Enhancing Data Quality in Health Research: Performance Insights of a Clinical NLP Algorithm for Diverse Medical Domains
Author(s)
Oeste C, Van Canneyt J, Kramchaninova A, Sterckx L, Farokhshad N, Bassez I, Pervaiz S, Van Gorp G, Hens D
LynxCare, Leuven, Flemish Brabant, Belgium
Presentation Documents
OBJECTIVES: This study presents performance insights into our clinical Natural Language Processing (NLP) algorithm, comparing out-of-the-box (OOTB) precision and recall to post-validation metrics. We aim to highlight the initial effectiveness of OOTB metrics and demonstrate the crucial role of validation by annotators and physicians in boosting performance across diverse medical domains.
METHODS: The NLP algorithm processes unstructured data from electronic health records (EHRs) of hospitals within our network, focusing on broad-scope data points and specific therapeutic areas (TAs) to generate OMOP-CDM databases that also include structured data sources.
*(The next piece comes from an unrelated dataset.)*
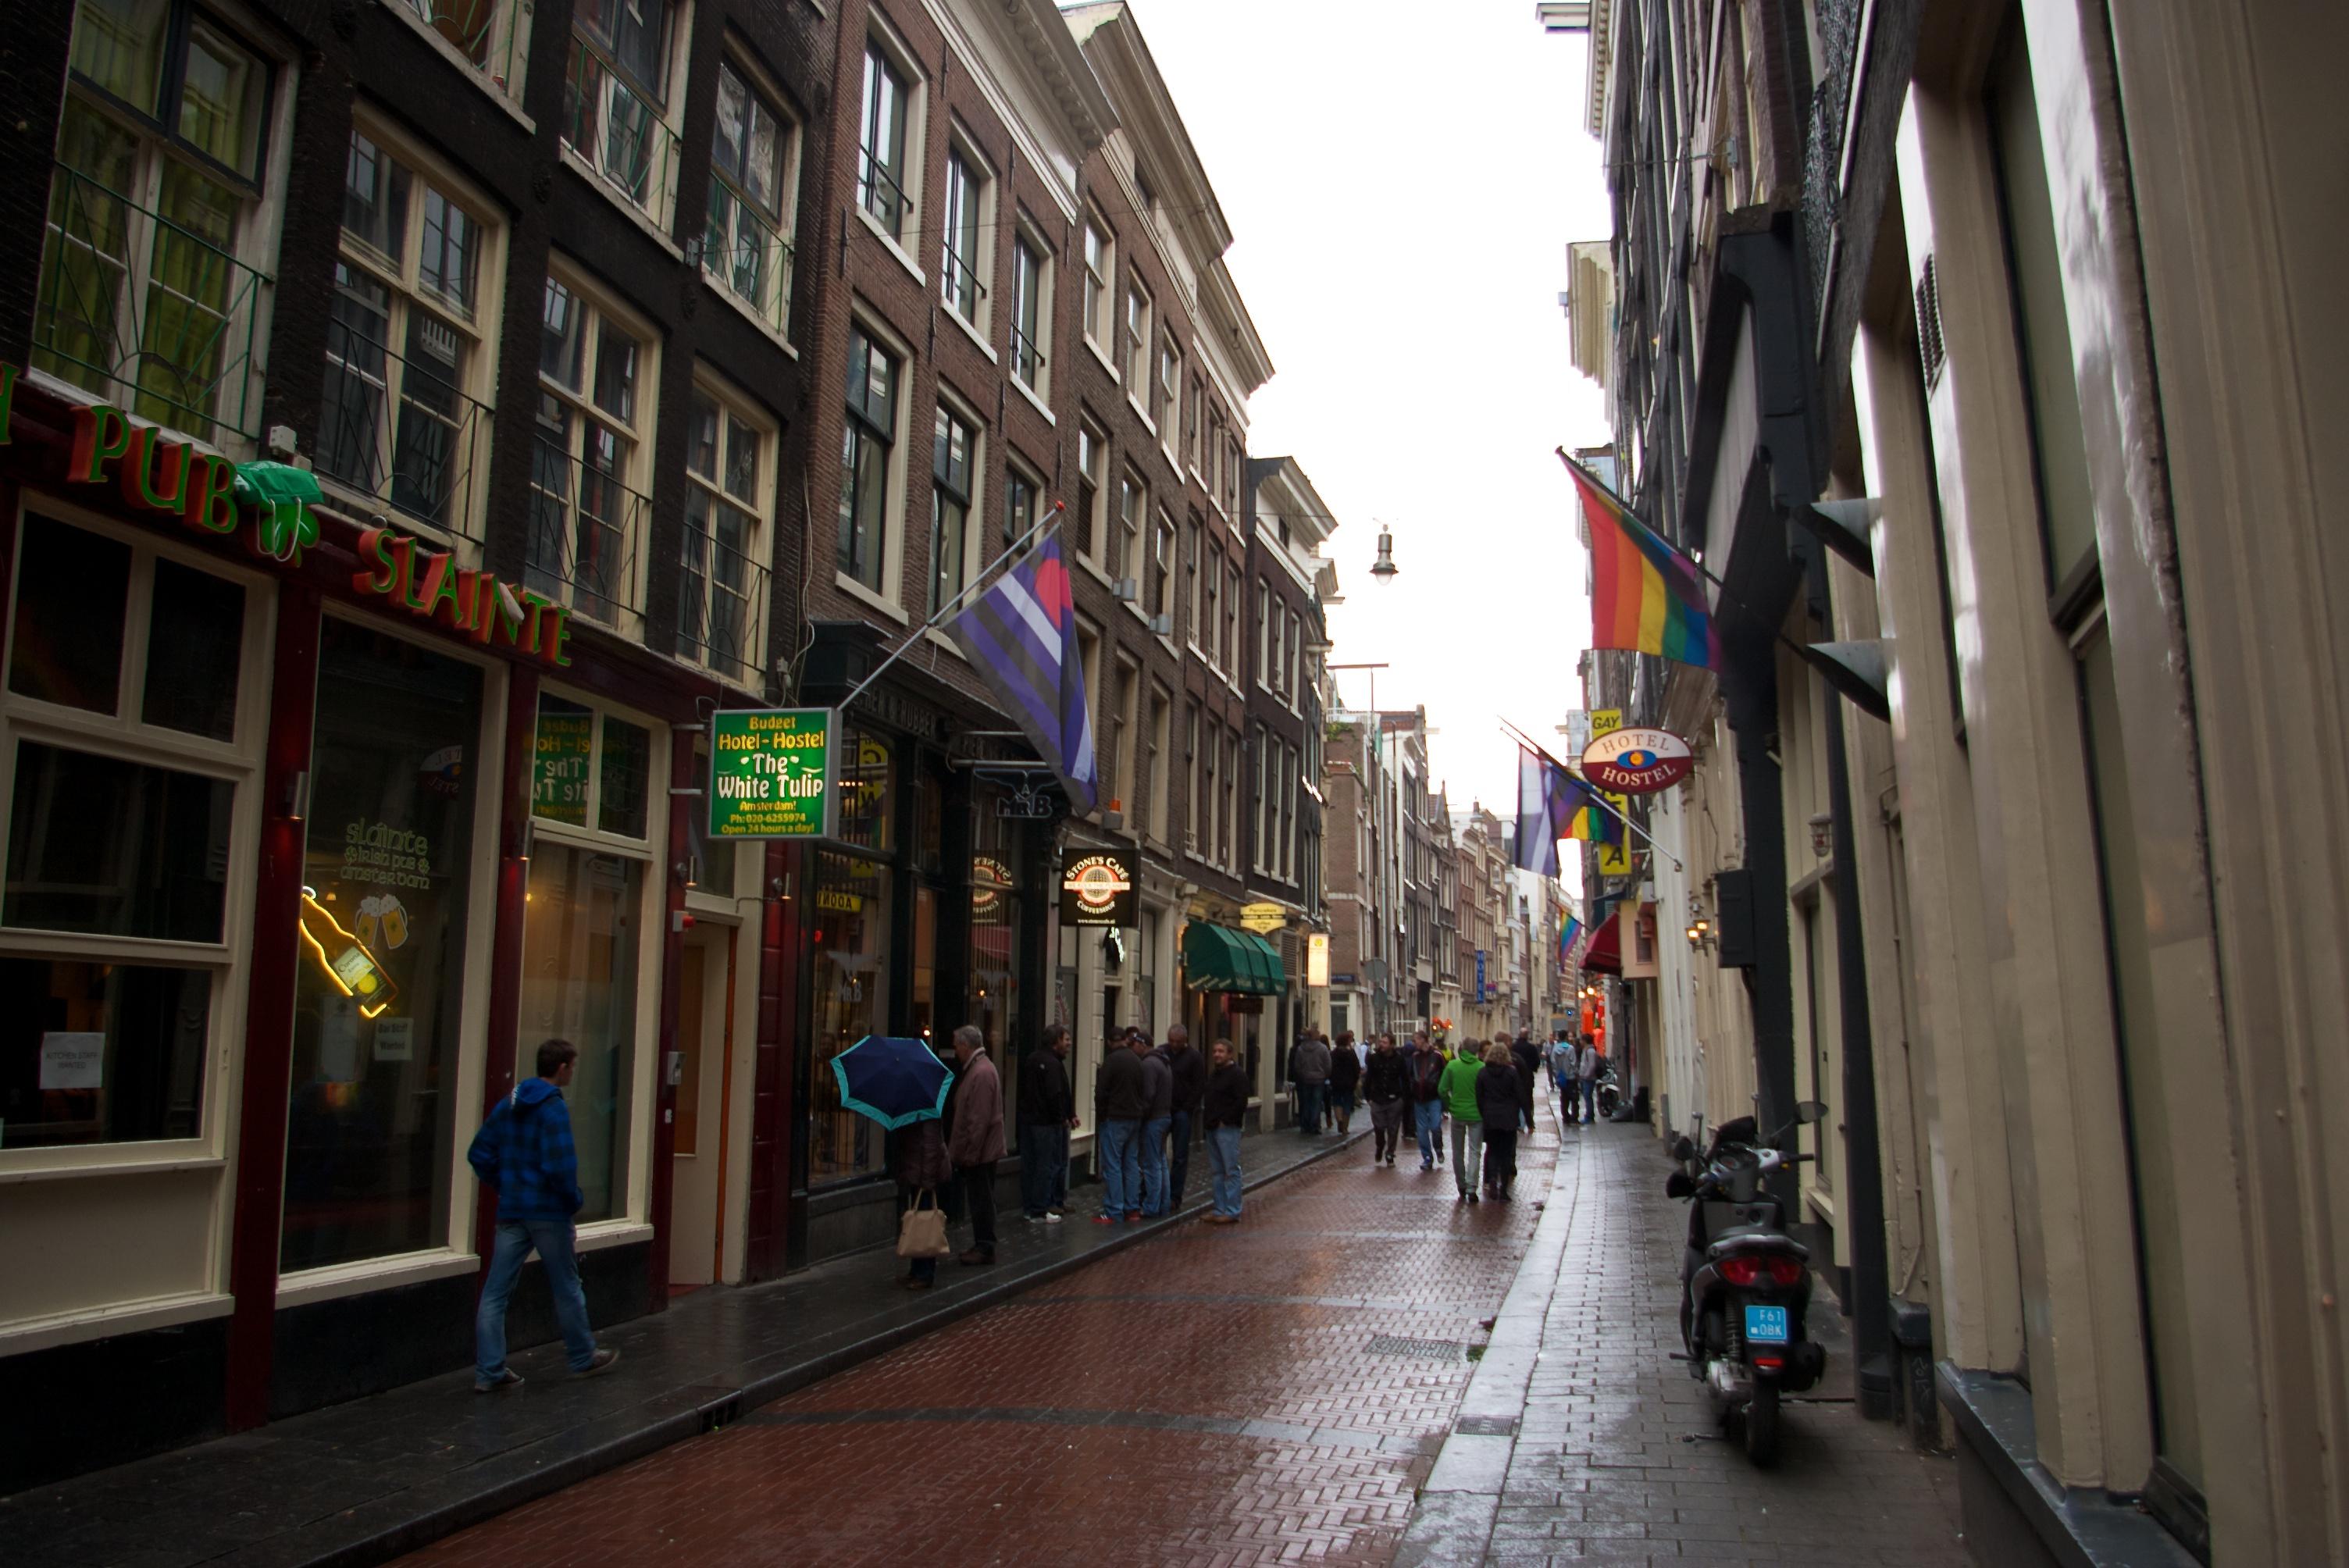 Black tulip hotel amsterdam sex gay

Initial OOTB precision and recall were calculated for 312 data points in over 23,000 records. Subsequently, physicians reviewed data point hierarchy and relevance, and validation against a human-generated gold standard was performed. Precision (true positives among all detected) and recall (true positives among all actual data points) are measured post-validation. Validation by annotators and physicians ensures comprehensive quality assurance and enhances algorithm performance.
RESULTS: Initial OOTB metrics show that for 58 data points and 7207 records, broad-scope terms achieve 86.3% precision and 82.1% recall. Post-validation, precision increases to 96.6% and recall to 96.3%. In oncology, for 193 data points and 13215 records, initial precision is 82.3% and recall 79.1%, improving to 96.8% precision and 94.3% recall post-validation. Cardiology shows initial 88.6% precision and 79.4% recall, improving to 96.6% precision and 95.6% recall post-validation in the 62 data points and 2686 records that were assessed.
CONCLUSIONS: Our clinical NLP algorithm significantly enhances real-world data (RWD) quality and integrity by enriching OMOP-CDM datasets with unstructured data. Initial out-of-the-box (OOTB) metrics demonstrate promising results, with subsequent validation across diverse medical domains validating its effectiveness for continuous data enrichment. Its successful implementation in studies leading to peer-reviewed scientific manuscripts underscores its role in supporting large-scale, cross-institutional research initiatives, contributing to evidence-based medical insights.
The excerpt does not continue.